In 1951, Huang firstly proposed the concept of polariton and derived its dispersion relation by combing lattice vibration in ionic crystals with electromagnetic waves using classic electromagnetic theory, which was primarily aimed to explain light retardation effect (see Fig. 1)[1]. Hopfield et al. extended Huang’s theory to exciton−photon interaction in crystals, experimentally demonstrated Raman scattering by phonon polaritons and formally proposed the name of “polariton” from “polarization” and “photon”[2, 3]. Since then, polariton has been widely studied in fundamental and application research fields.
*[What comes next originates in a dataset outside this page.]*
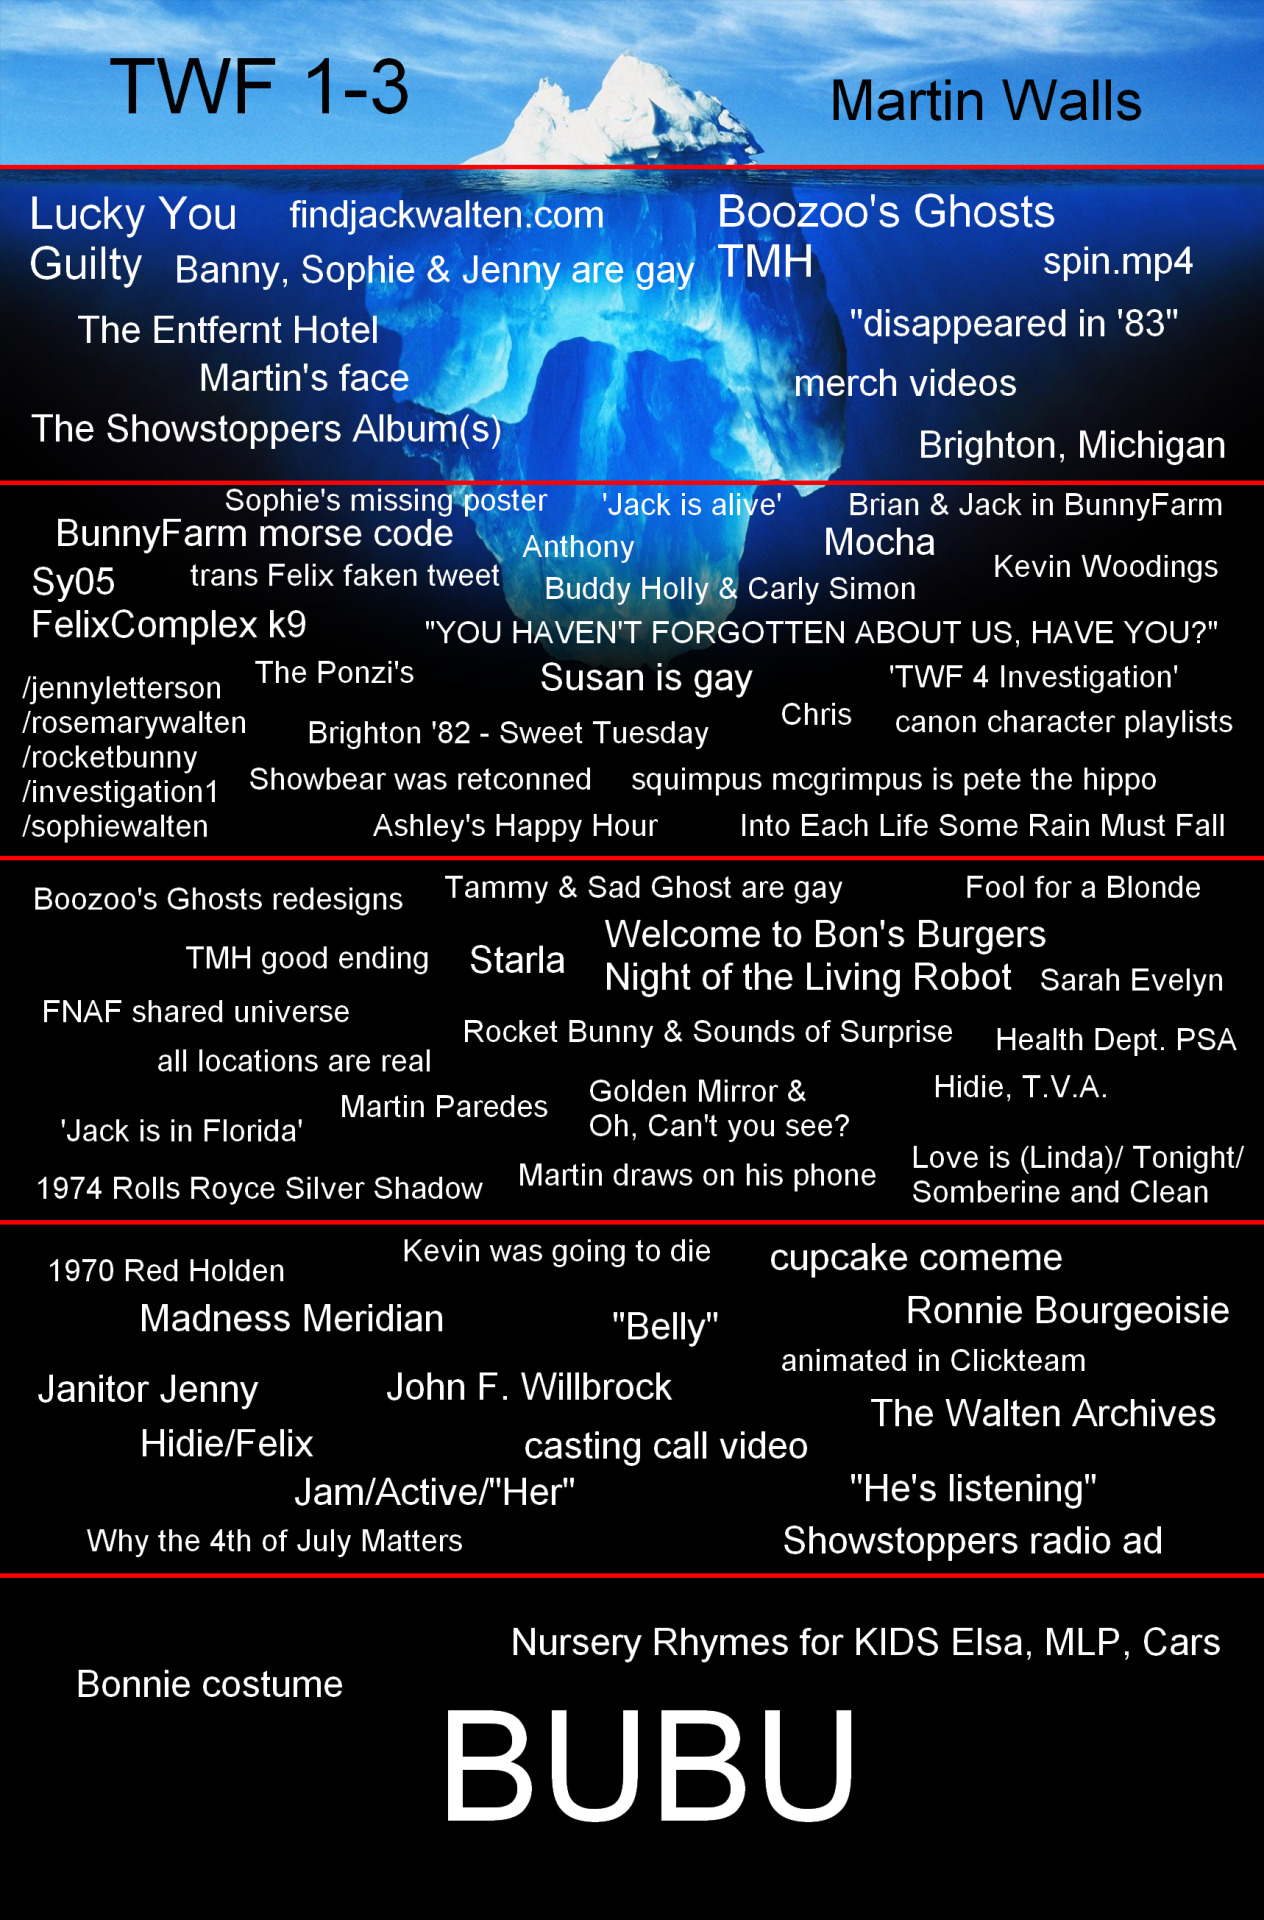 The walten files (Season 1 only) V2 Iceberg : I remove all pointless entry  like just character name and add all the suggestion and theory that were  explain to me. : r/WaltenFiles

Figure 1. The principle of the interaction between photons and lattice vibration.
Polariton is half-matter, half-light quasi-particle that forms when the energy transfer rate between polarized particles in matter (e.g. exciton, phonon, plasmon, magneton) and photons is faster than their dissipative rate. Inheriting from the matter which is massive and controllable as well as the photon which is massless and inactive, polariton exhibits a light mass and interactive behavior, and hence creates an idea platform to explore quantum electromagnetic dynamics in solid-state matters and develop high-speed, low-loss devices.
With revolution and rapid advances in semiconductor and microfabrication technologies, exciton–polariton (EP) has aroused great attentions from worldwide scientists in particular when Bose–Einstein condensation (BEC) of EP was realized in GaAs and CdTe quantum wells under optical pump in 2000s[4, 5]. Researchers consider that the EP–BECs make photons controllable by slowing their velocity, and hence could be applicable to develop optical chips with higher computing speed and lower energy consumption in comparison to electronic devices. Considerable efforts have been made, and till so far room temperature EPs have been realized in a variety of inorganic and organic semiconductors[6−9]. Moreover, electrically-driven BECs from InGaAs and EPs from organic semiconductors compound, such as 9,10-bis(phenylethynyl)anthracene, have been achieved at room temperature[10, 11]. Very recently, photo-transistors applying EP–BECs have been established, and new concepts such as parity-time-symmetry are introduced to extend the capability of light manipulation as well as lower threshold of semiconductor lasers[12−14].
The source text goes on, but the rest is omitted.